[Records supplied Boundary: Start]
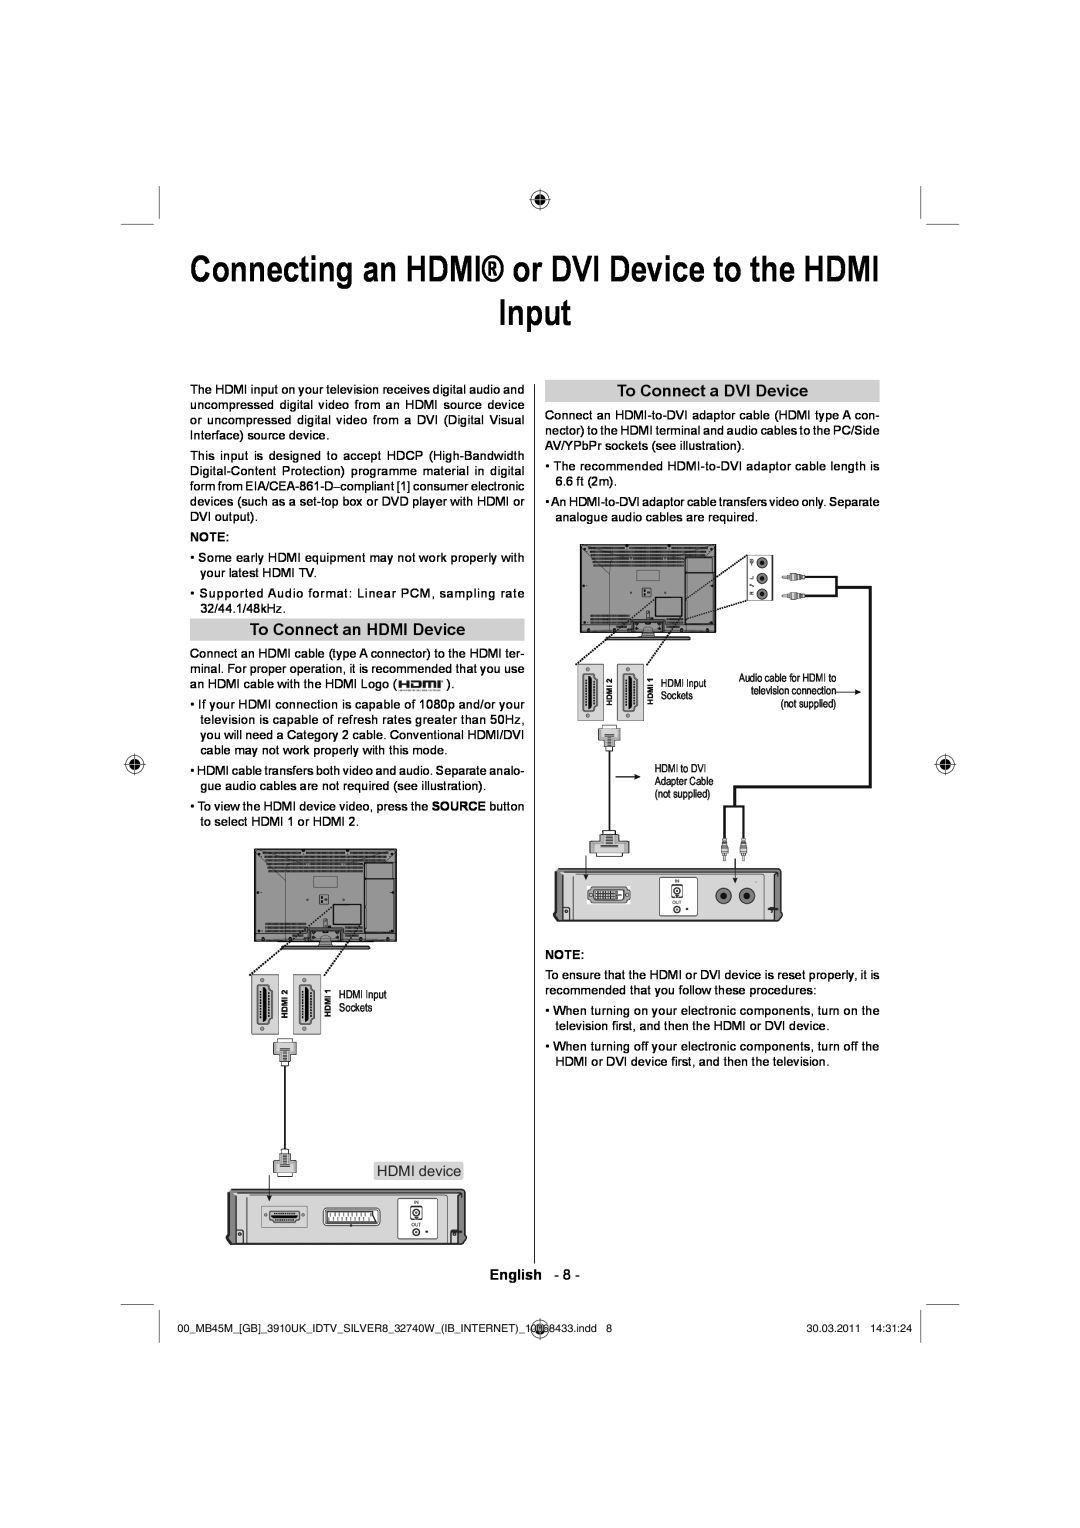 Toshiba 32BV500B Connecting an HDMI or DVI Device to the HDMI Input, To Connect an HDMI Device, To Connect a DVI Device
[Records supplied Boundary: End]
[Records supplied Boundary: Start]
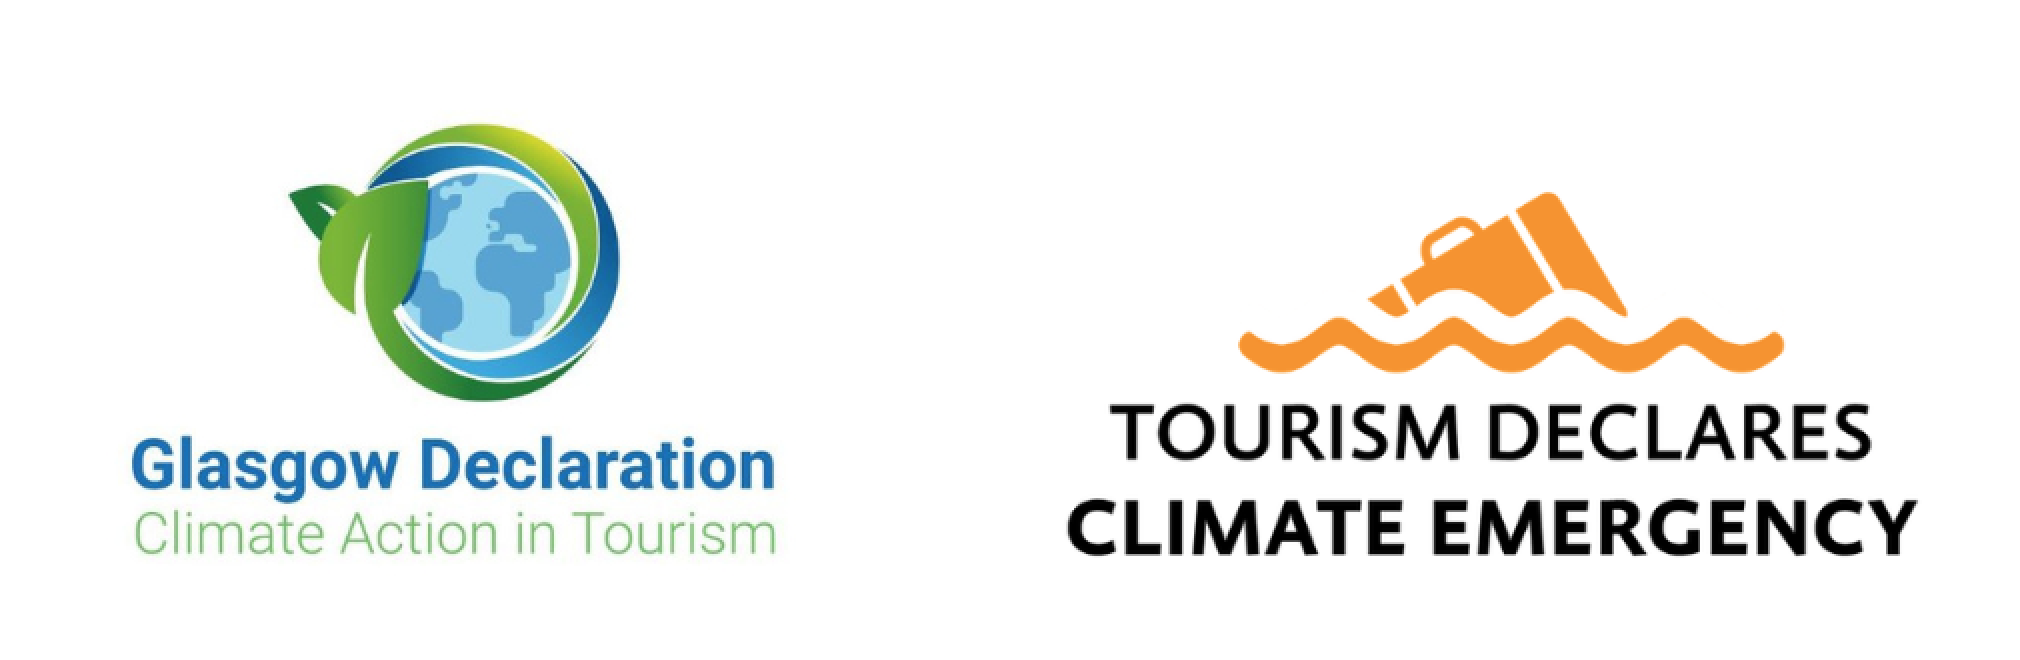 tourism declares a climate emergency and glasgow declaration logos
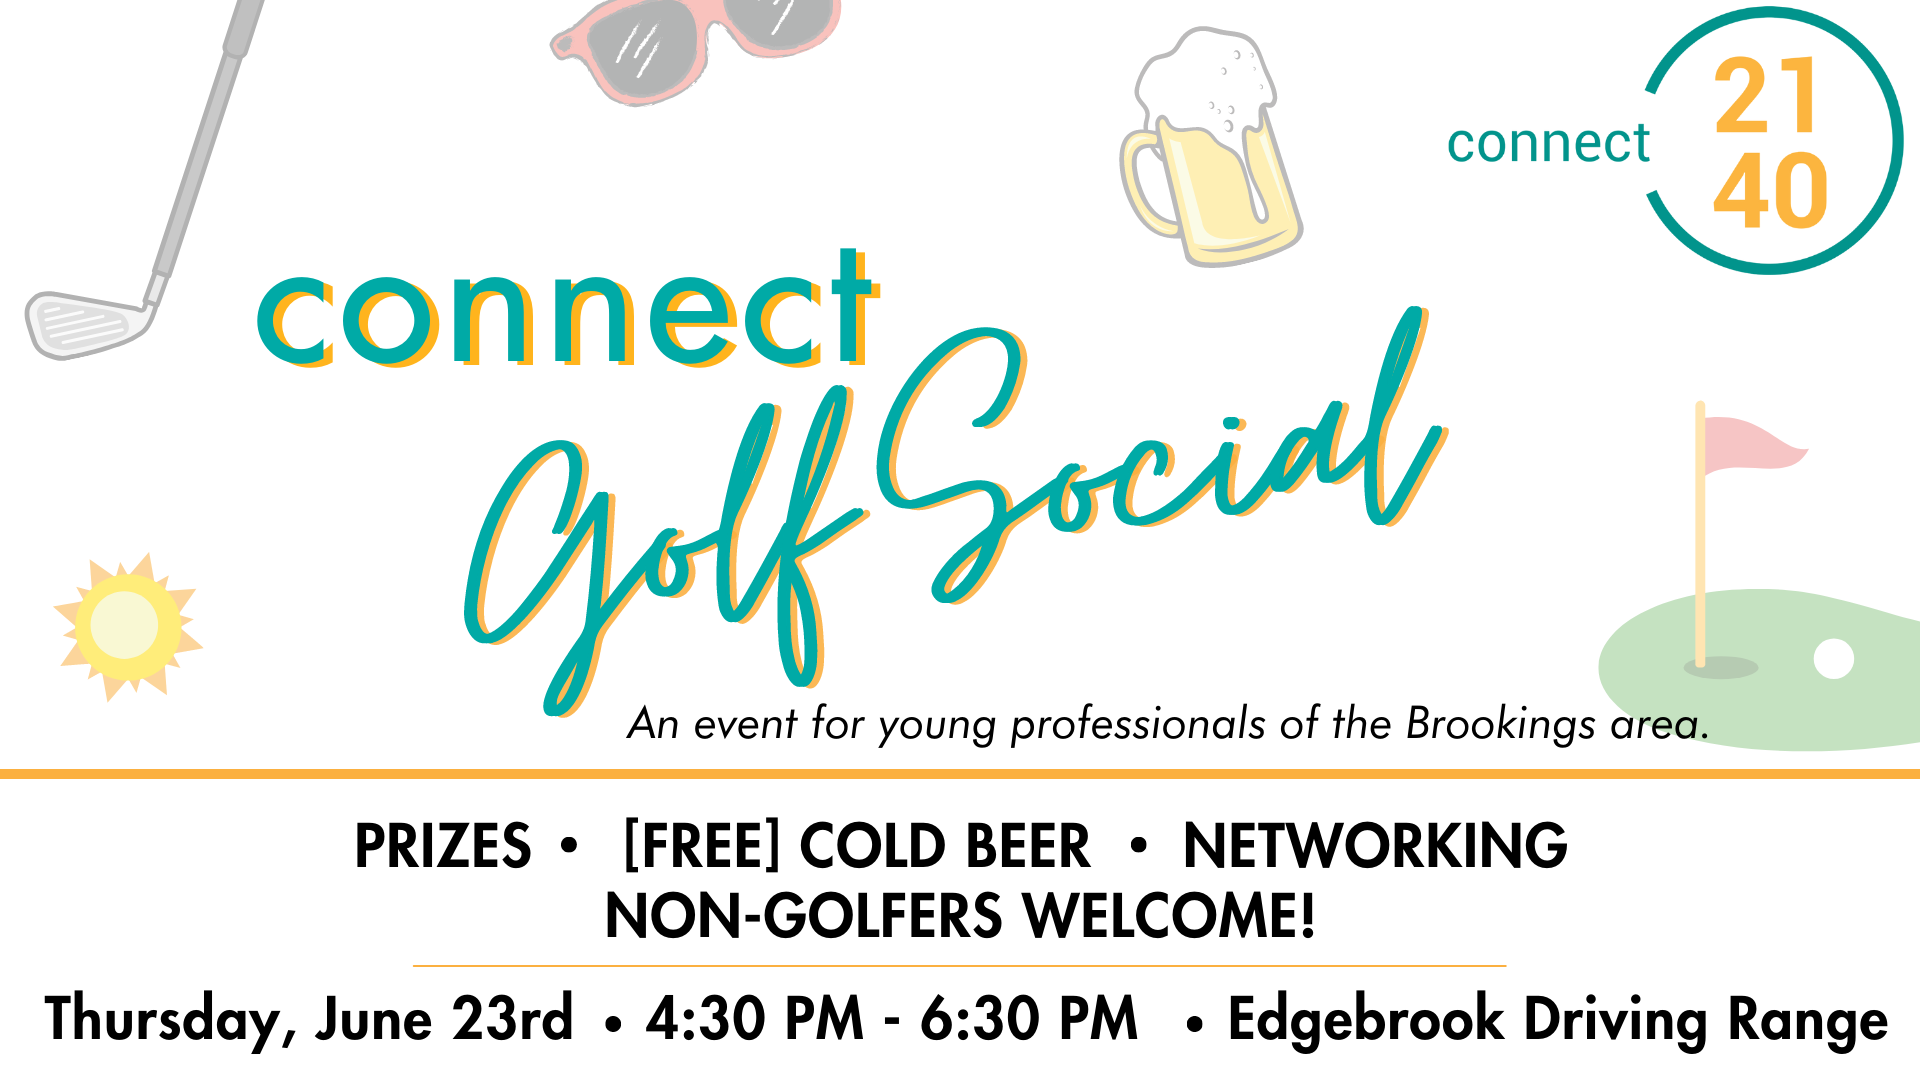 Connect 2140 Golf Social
[Records supplied Boundary: End]
[Records supplied Boundary: Start]
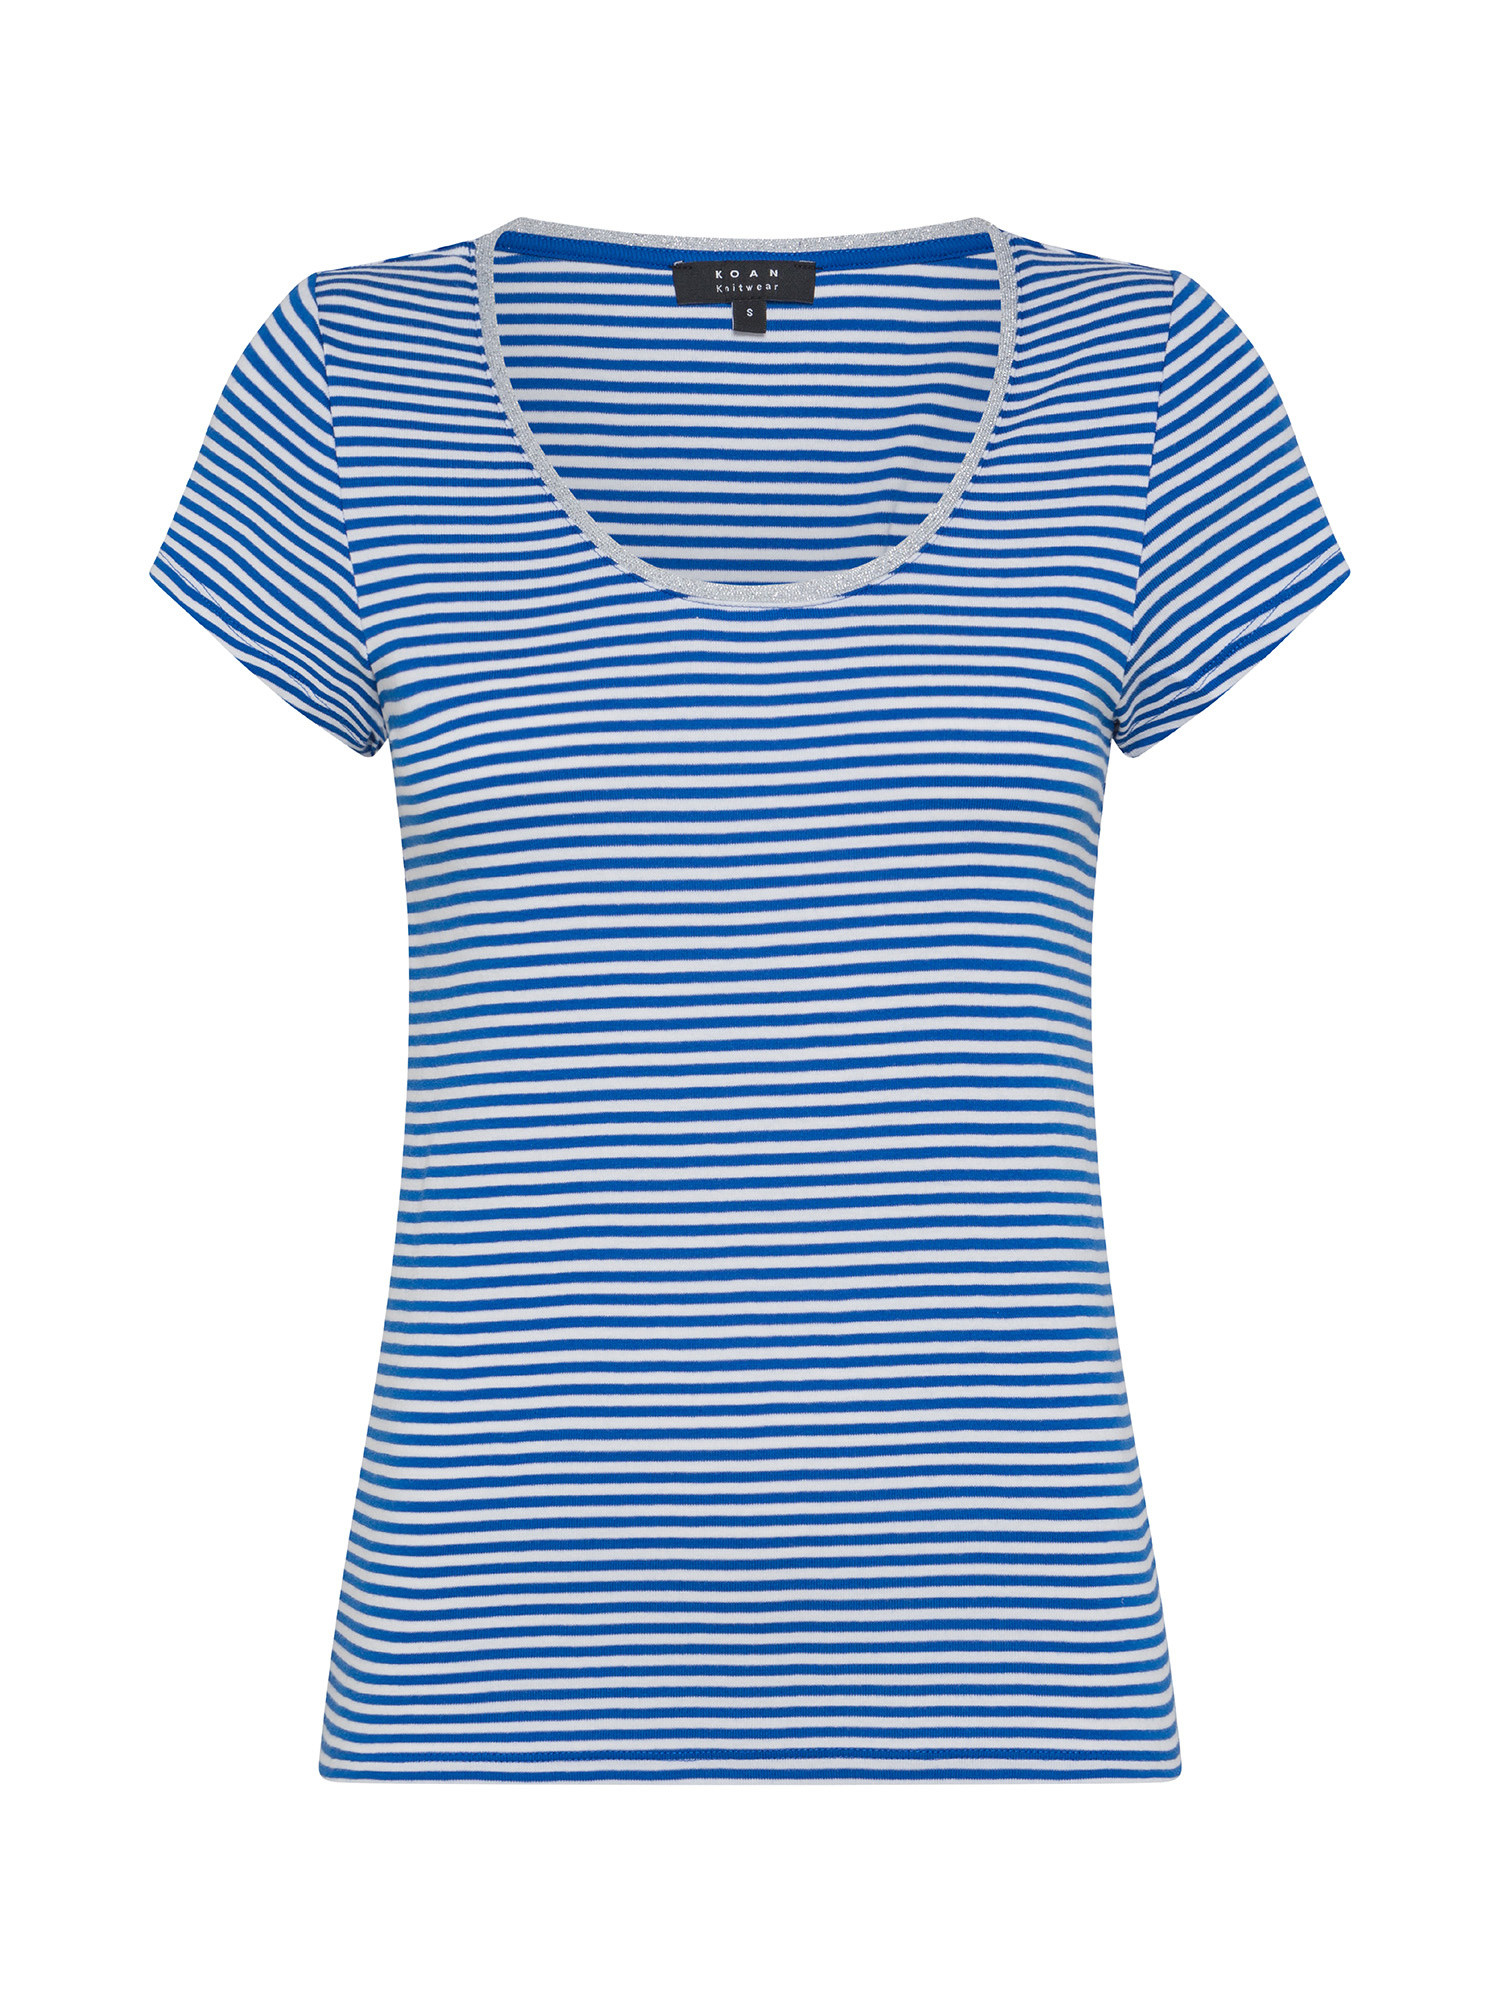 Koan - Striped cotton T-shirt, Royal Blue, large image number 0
[Records supplied Boundary: End]
Transcribe the lines above exactly, beginning at the one with "tourism declares a" and ending at the one with "Connect 2140 Golf Social". Include both; exclude the pictures.

 tourism declares a climate emergency and glasgow declaration logos
 Connect 2140 Golf Social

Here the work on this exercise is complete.